Complete step by step solution:
As we have the equation given as \[u = \log \left( {{x^3} + {y^3} + {z^3} - 3xyz} \right)\]
Now on differentiating with respect to $x$, we get
\[ \Rightarrow {u_x} = \dfrac{{du}}{{dx}} = \dfrac{{3{x^2} - 3yz}}{{{x^3} + {y^3} + {z^3} - 3xyz}}\], we will name it equation $1$
Similarly, on differentiating with respect to $y$, we get
\[ \Rightarrow {u_y} = \dfrac{{du}}{{dy}} = \dfrac{{3{y^2} - 3xz}}{{{x^3} + {y^3} + {z^3} - 3xyz}}\], we will name it equation $2$
Similarly, on differentiating with respect to $z$, we get
\[ \Rightarrow {u_z} = \dfrac{{du}}{{dz}} = \dfrac{{3{z^2} - 3xy}}{{{x^3} + {y^3} + {z^3} - 3xyz}}\], we will name it equation $3$
Now on adding all these three equations, we get
\[ \Rightarrow \dfrac{{du}}{{dx}} + \dfrac{{du}}{{dy}} + \dfrac{{du}}{{dz}} = \dfrac{{3\left( {{x^2} + {y^2} + {z^2} - xy - yz - zx} \right)}}{{{x^3} + {y^3} + {z^3} - 3xyz}}\]
Therefore by using the formula we can write the RHS denominator as
\[ \Rightarrow \dfrac{{du}}{{dx}} + \dfrac{{du}}{{dy}} + \dfrac{{du}}{{dz}} = \dfrac{{3\left( {{x^2} + {y^2} + {z^2} - xy - yz - zx} \right)}}{{\left( {x + y + z} \right)\left( {{x^2} + {y^2} + {z^2} - xy - yz - xz} \right)}}\]
Therefore, the same term will cancel each other and we get
\[ \Rightarrow \dfrac{{du}}{{dx}} + \dfrac{{du}}{{dy}} + \dfrac{{du}}{{dz}} = \dfrac{3}{{\left( {x + y + z} \right)}}\]
Therefore, the equation we can write as

$ \Rightarrow \left( {x + y + z} \right)\left( {{u_x} + {u_y} + {u_z}} \right) = 3$

Additional information:
This type of question becomes very easy if we know the differentiation and some basic algebraic formula.
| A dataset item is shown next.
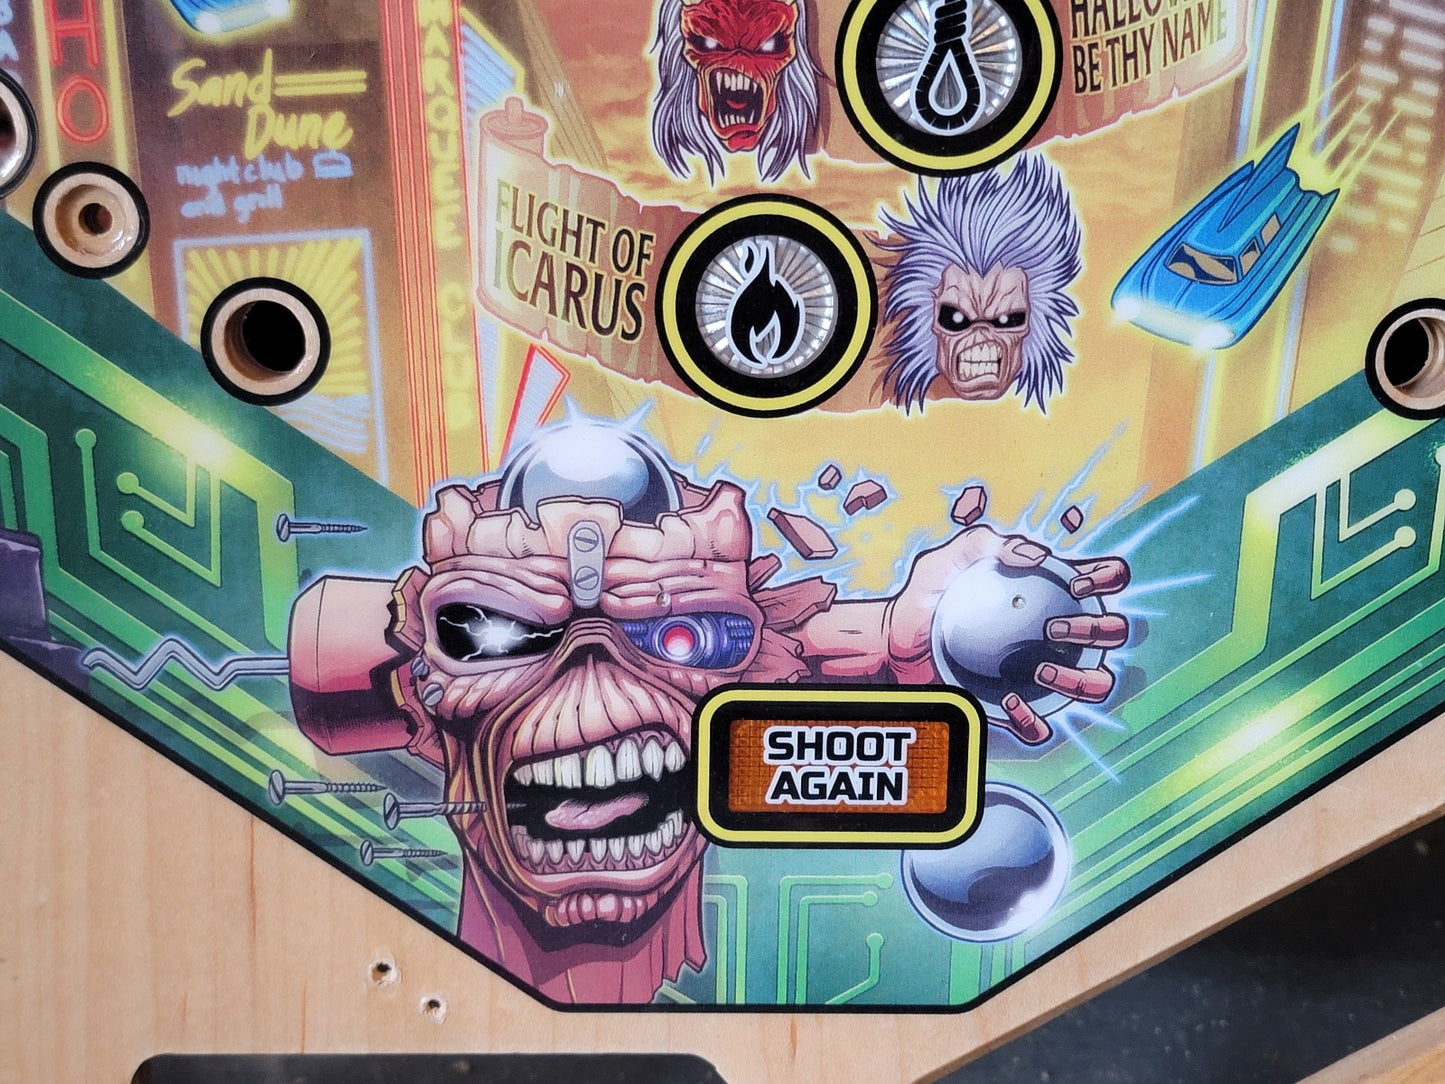 Stern Iron Maiden Pinball Machine Playfield

Through this, we can easily solve it. As here in this question what we did is just the basic differentiation and by using one of the properties of algebra we get the values of the equation easily.

Note:
In this question, while doing the calculation we have to be aware and do the step-by-step solution as it will reduce the chances of error, and also we will not get confused while solving it. This question can also be asked in a different way as instead of ${u_x},{u_y},{u_z}$they will give us the question in the form of a derivative. So we don’t have to panic. The question is the same.